Try it ▸ Output every line below exactly, please, omitting pictures.

Information provided ▸

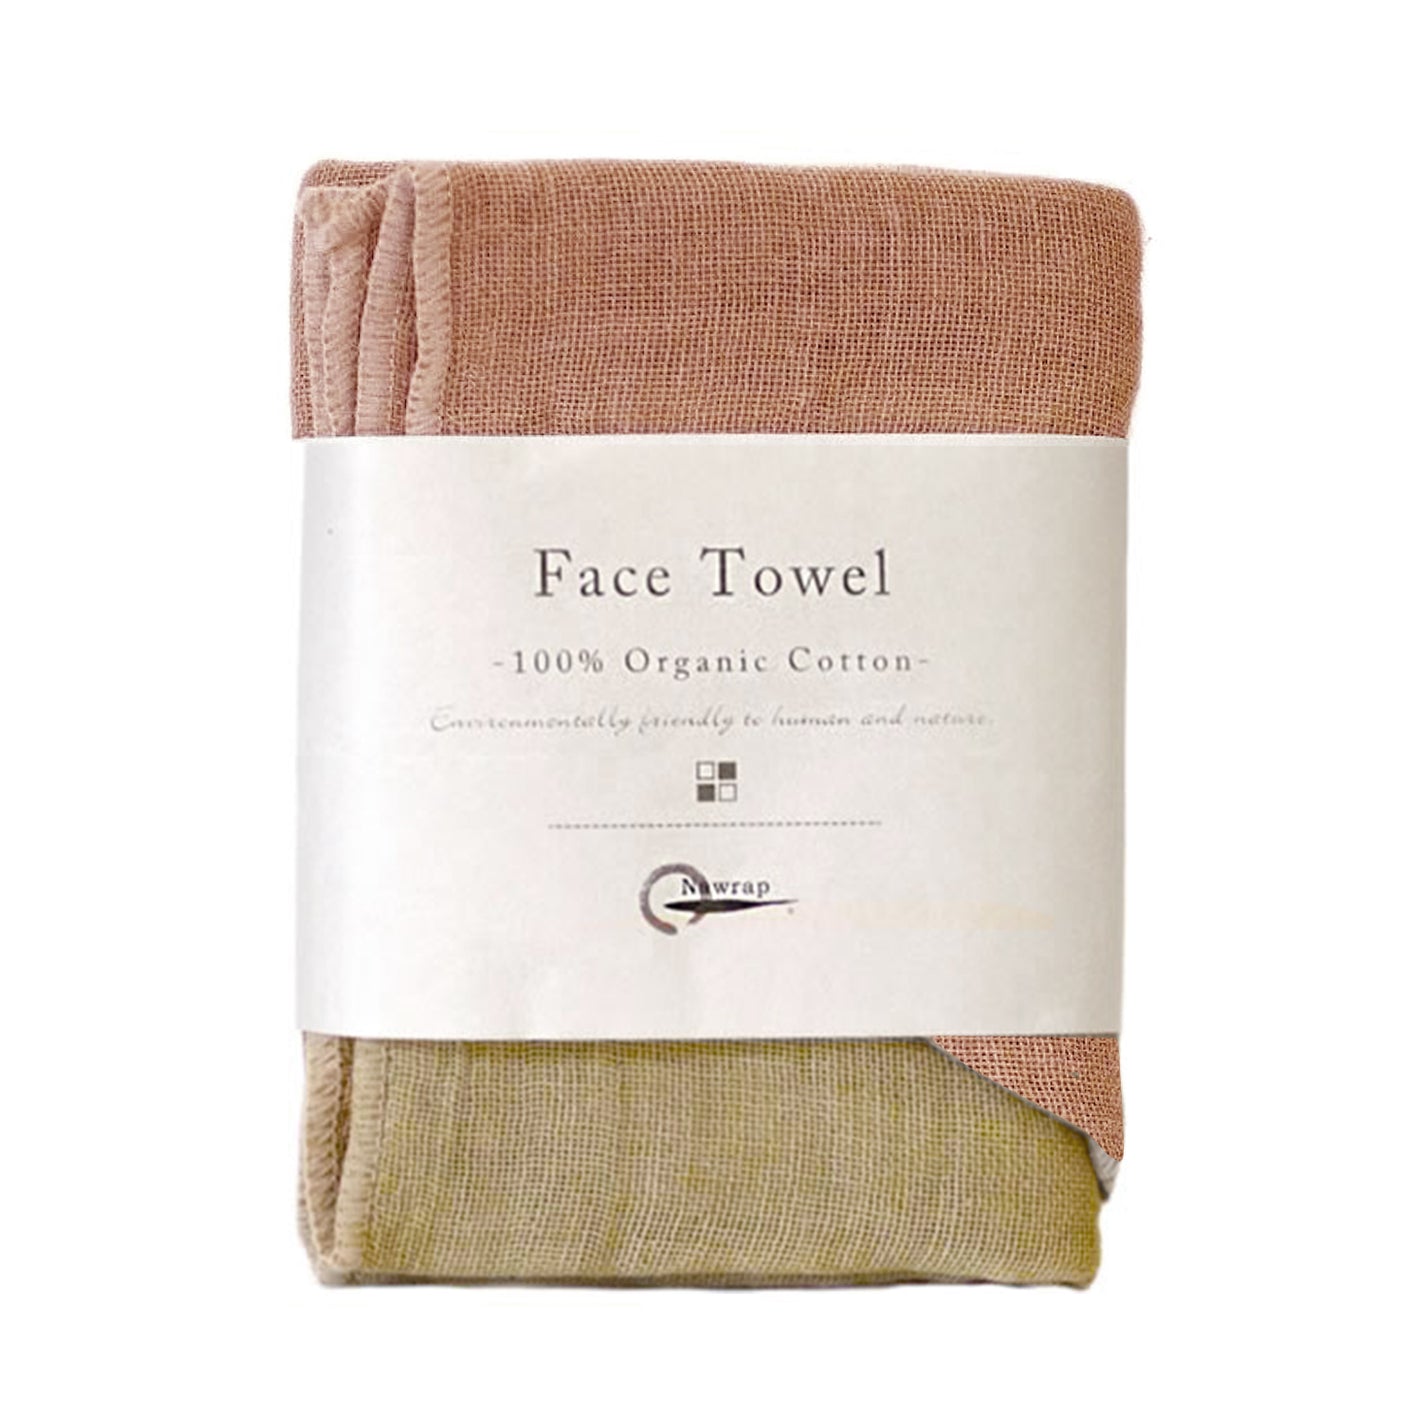 Nawrap Organic Cotton Face Towel - Brown + Green
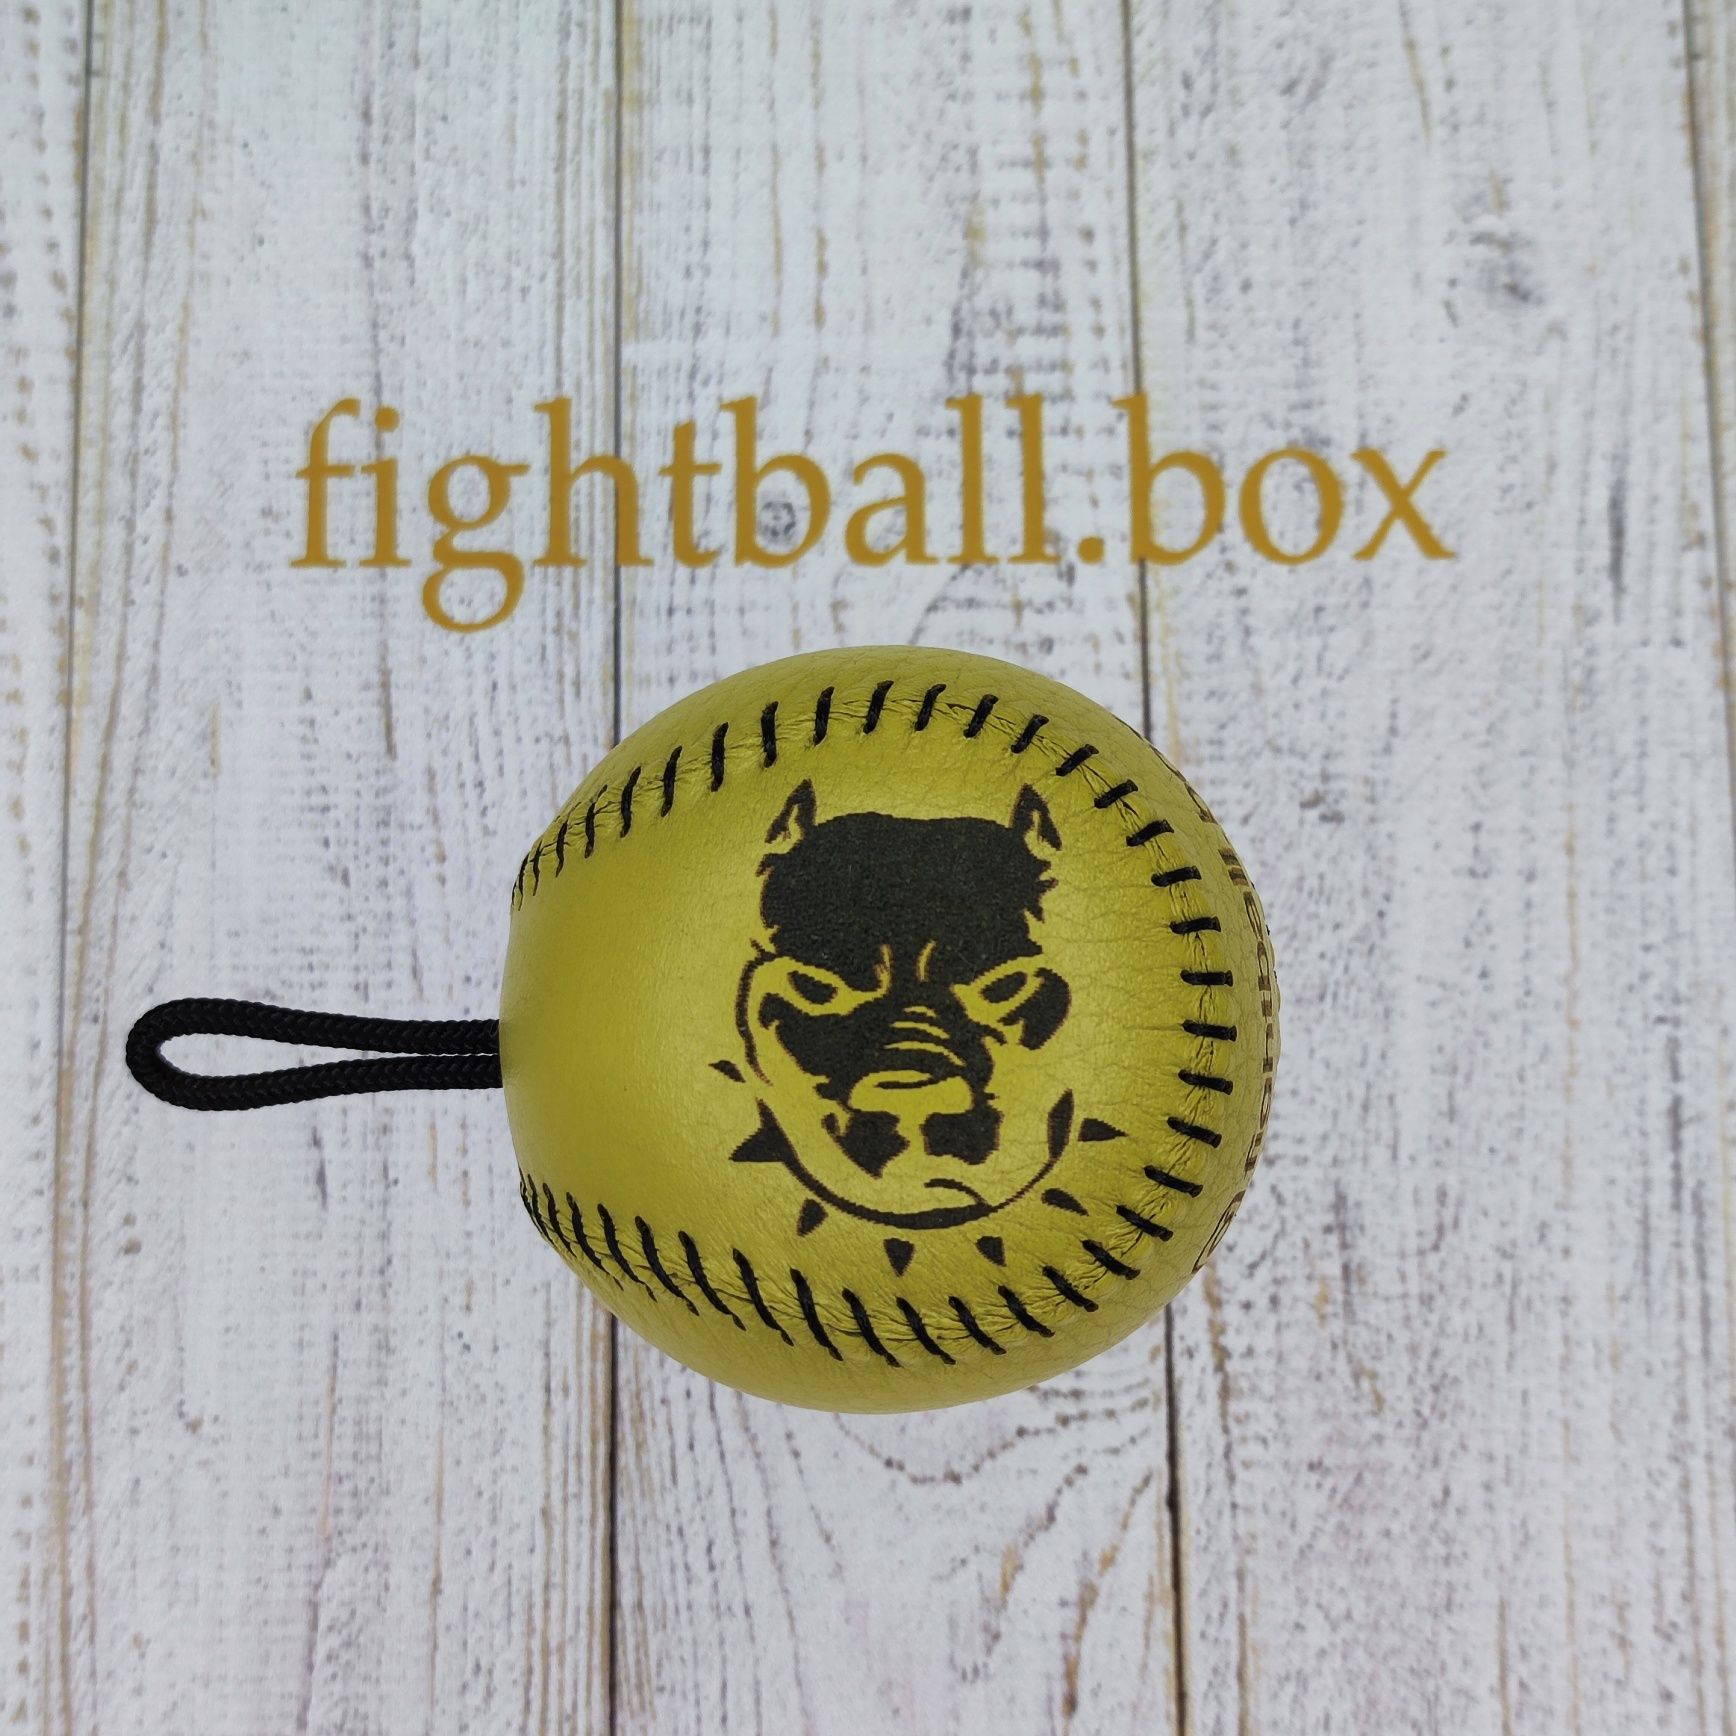 fightball box файт болл тренажёр для бокса мини груша мяч кожа файтбол
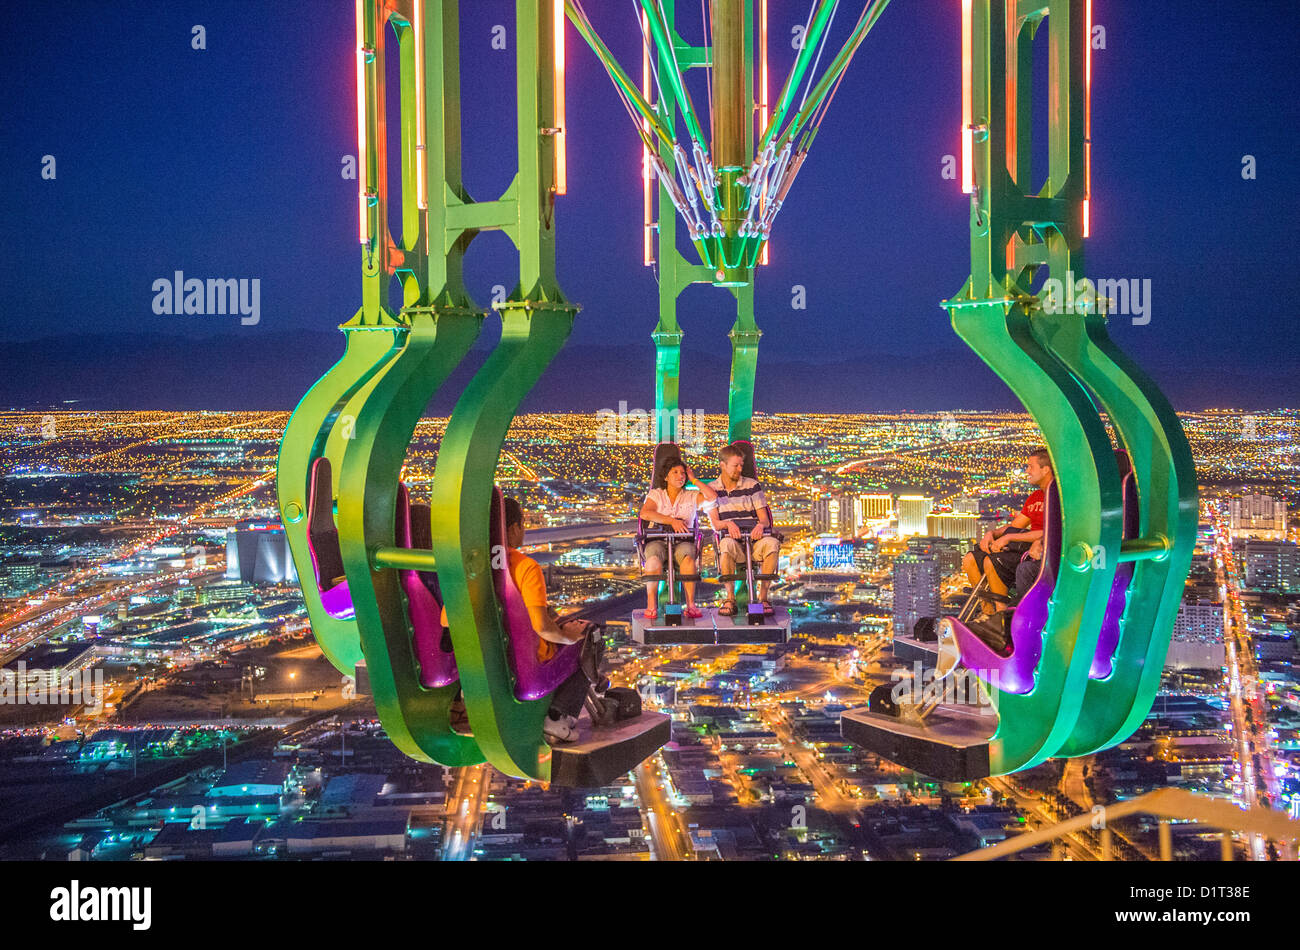 Adrenaline at Las Vegas Stratosphere Tower Stock Image - Image of night,  adrenaline: 122755291

Response area ▸
 Nawrap Organic Cotton Face Towel - Brown + Green
 fightball box файт болл тренажёр для бокса мини груша мяч кожа файтбол
 Adrenaline at Las Vegas Stratosphere Tower Stock Image - Image of night,  adrenaline: 122755291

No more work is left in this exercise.